Three coordinate objects:

| Object           | Maps                                    | Used by                         |
| ---------------- | --------------------------------------- | ------------------------------- |
| `GenomicSpace`   | genomic bp to [0, 1] figure coord       | `GenomicPanel` + genomic tracks |
| `ProteinSpace`   | 1-based AA position to [0, 1]           | `ProteinPanel` + protein tracks |
| `Bridge`         | genomic CDS exons to AA ranges          | Own renderable panel            |

`GenomicSpace` optionally compresses introns to a fixed fractional width per
intron; exonic regions share the remaining width proportionally. Disable with
`compress_introns=False` for a linear axis.

Tracks render into a horizontal slot of their panel's Axes. They have a
`height` attribute that determines their relative vertical allocation.

## Tracks

Each track accepts a `pandas.DataFrame` with a documented schema. No parsing
of BAM/VCF is done in v0.1; users bring their data as DataFrames and can
pipeline via pysam, bcbio, polars, etc.

### `Transcripts(gtf, gene, cds_utr=True, chevrons=True)`

Reads exon and CDS records from the GTF. Draws tall rectangles for CDS
regions and thin rectangles for UTR regions; overlays directional `>`/`<`
chevrons on intron lines.

### `Lollipops(data, coord="genomic" | "protein", color_by="category")`

DataFrame columns:

| Column     | Type   | Required | Description                                     |
| ---------- | ------ | -------- | ----------------------------------------------- |
| `position` | int    | yes      | Genomic (if `coord="genomic"`) or AA position   |
| `height`   | float  | no       | VAF or recurrence count (default 1)             |
| `category` | str    | no       | Consequence label for color                     |
| `label`    | str    | no       | Text drawn next to the head                     |

Consequence colors default to a colorblind-safe palette (missense=vermillion,
nonsense=black, synonymous=sky, splice=reddish purple, ...).

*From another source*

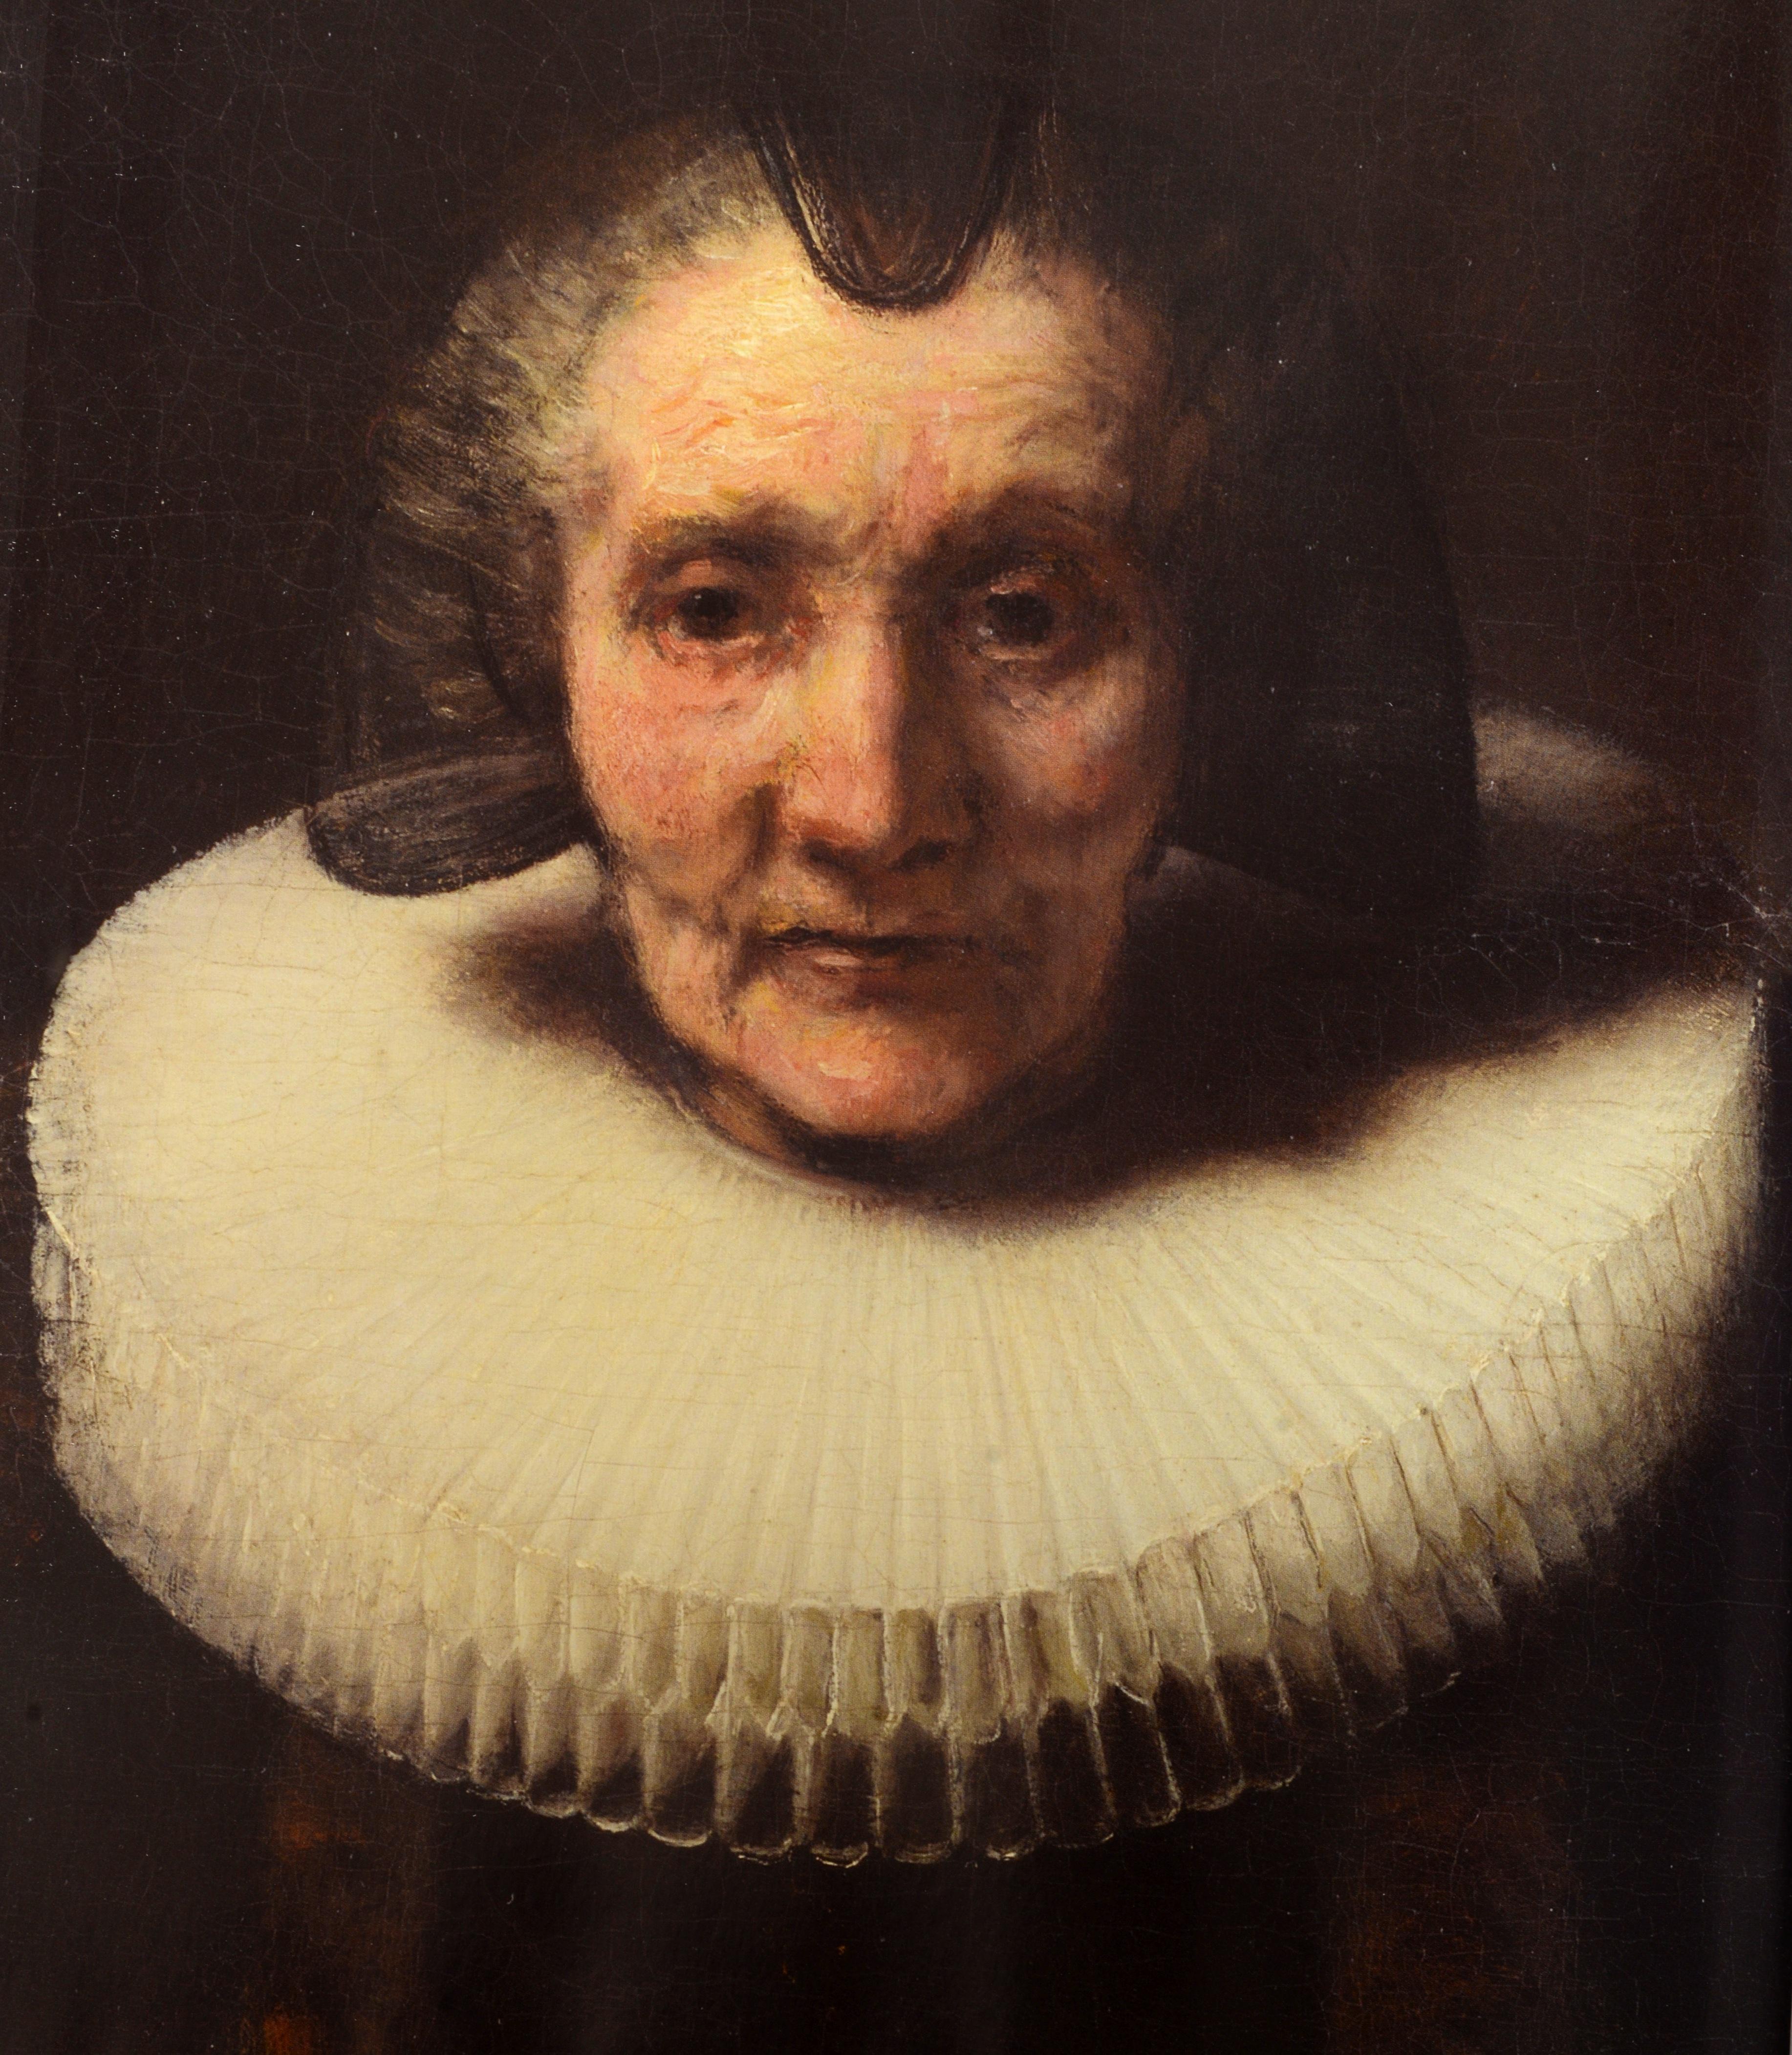 Der späte Rembrandt von Jonathan Bikker. Veröffentlicht von Rijksmuseum Amsterdam, 2014. 1. englische Ausgabe mit Schutzumschlag. Die Stadt Amsterdam feiert ihren berühmtesten Künstler mit 40 Gemälden, 20 Zeichnungen und 30 Drucken. Der späte

### `Sashimi(data, scale="linear" | "log")`

| Column   | Type | Description                             |
| -------- | ---- | --------------------------------------- |
| `start`  | int  | Junction 5' genomic position            |
| `end`    | int  | Junction 3' genomic position            |
| `count`  | int  | Read count supporting the junction      |

Renders quadratic-Bezier arcs between `start` and `end`; arc linewidth
proportional to `count` (with optional `log1p` scaling for wide dynamic range).

### `Coverage(data)`

| Column     | Type | Description         |
| ---------- | ---- | ------------------- |
| `position` | int  | Genomic position    |
| `depth`    | int  | Read depth          |

Filled histogram. The max depth is annotated at the right edge.

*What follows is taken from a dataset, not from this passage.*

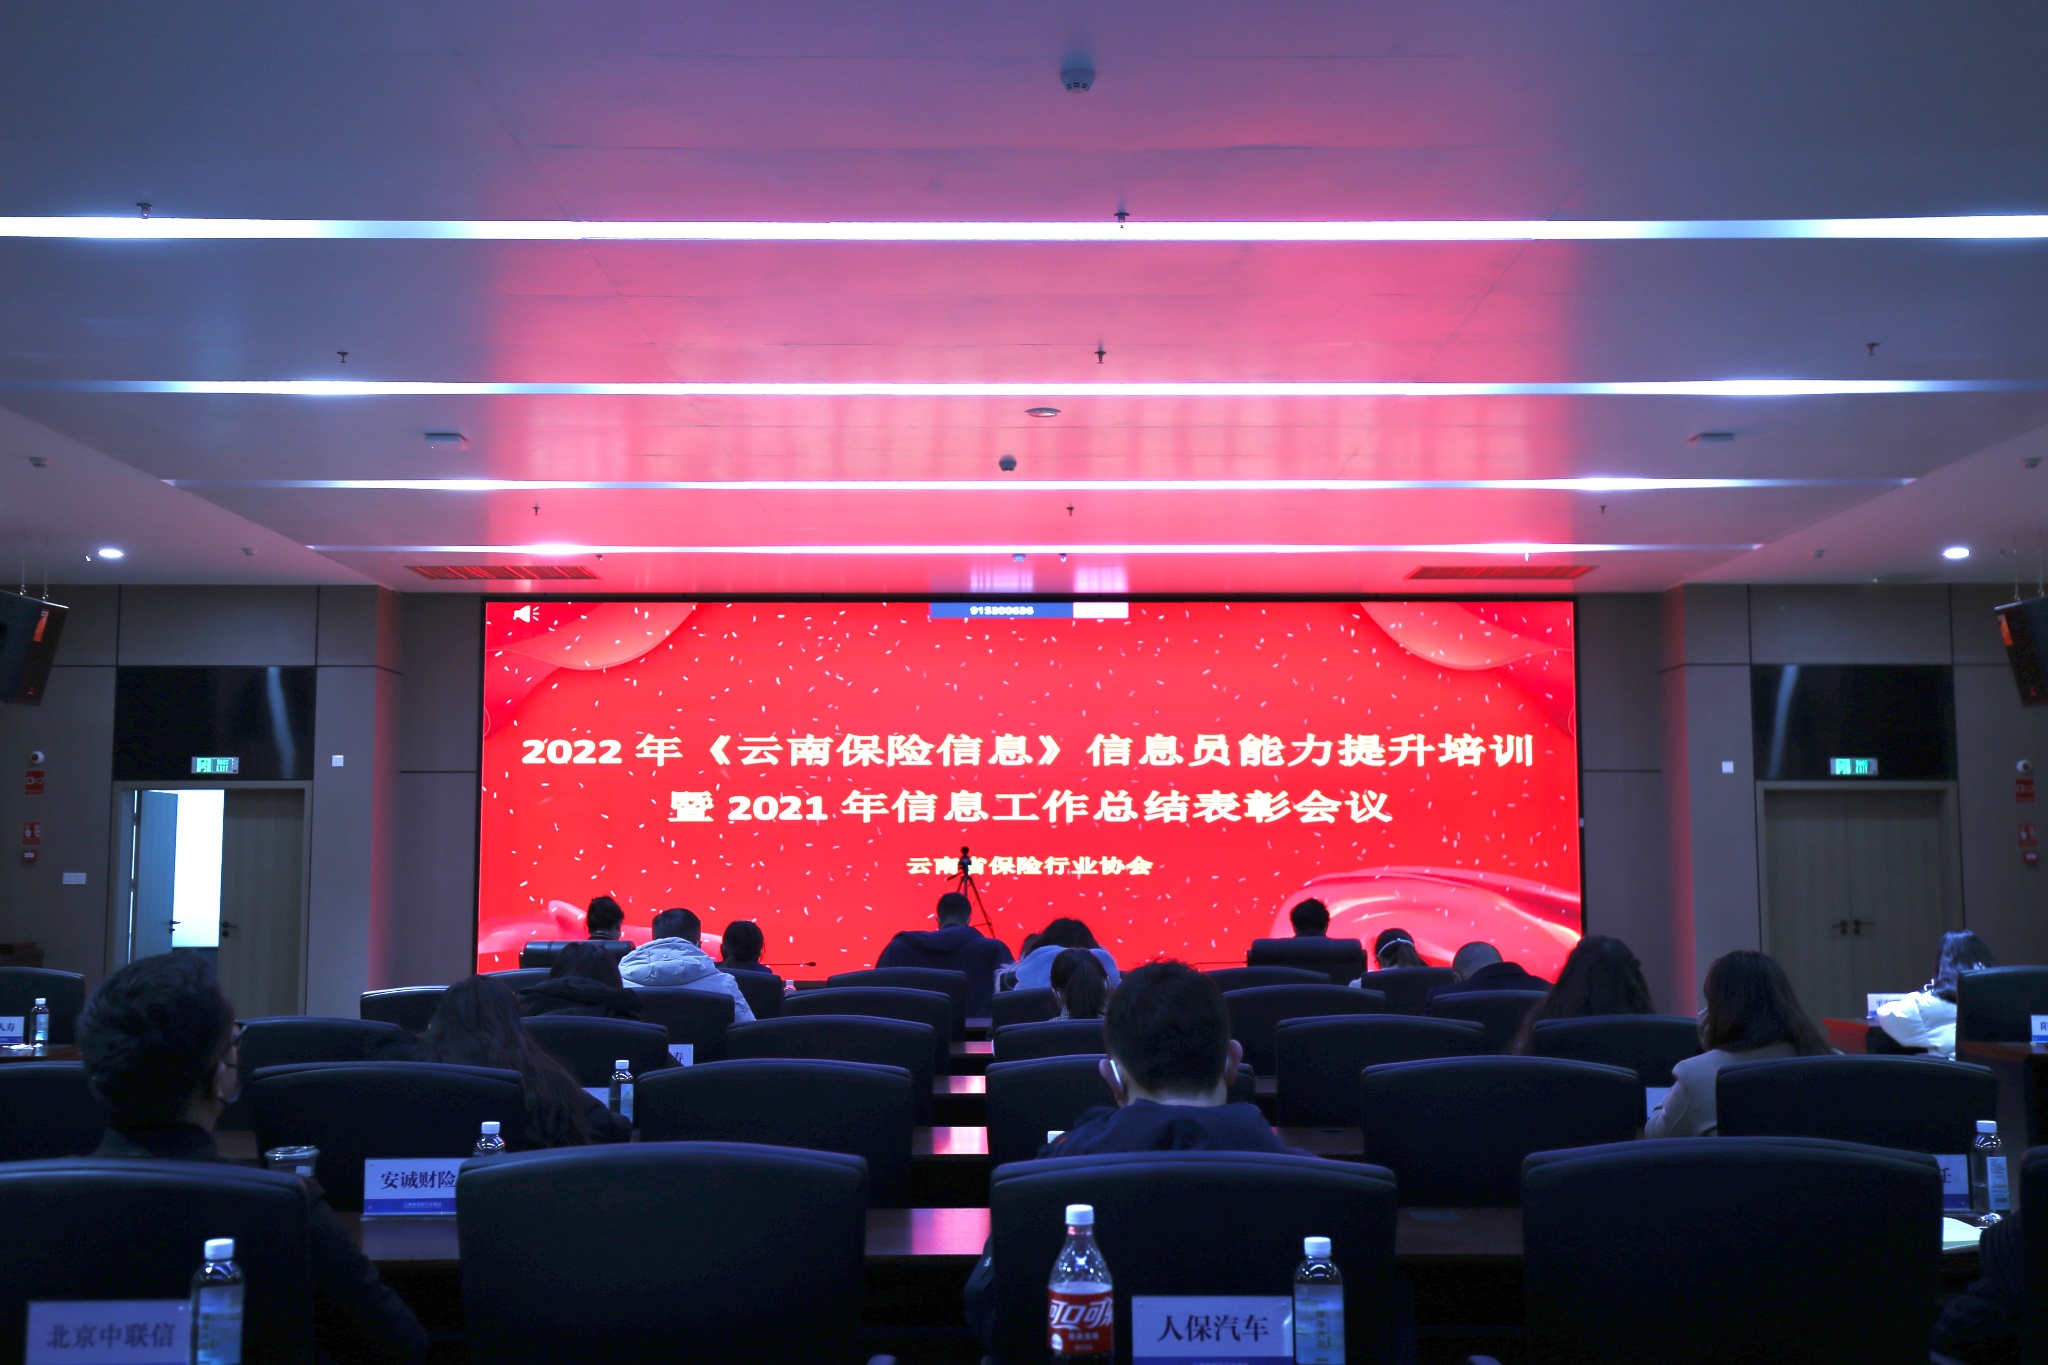 加强队伍建设  激发宣传活力    ——云南省保险行业协会组织召开2022年《云南保险信息》信息员技能提升培训暨2021年信息工作总结表彰会议

### `Domains(data)` (ProteinSpace only)

| Column  | Type | Description                              |
| ------- | ---- | ---------------------------------------- |
| `name`  | str  | Domain name, drawn as label in the box   |
| `start` | int  | AA start (1-based inclusive)             |
| `end`   | int  | AA end (inclusive)                       |

## Palettes

`txplot.palette.OKABE_ITO` is the default for small categorical sets (up to 8).
Larger sets delegate to [glasbey](https://github.com/lmcinnes/glasbey) via
`txplot.palette.categorical(n, colorblind_safe=True)`.

## What's not in v0.1

Deferred to v0.2+:

- Conservation track (phyloP / phastCons; needs bigWig support).
- Direct BAM/VCF parsing helpers (`txplot.io`).
- Protein hydrophobicity / secondary-structure overlays.
- Multi-sample / multi-condition faceting.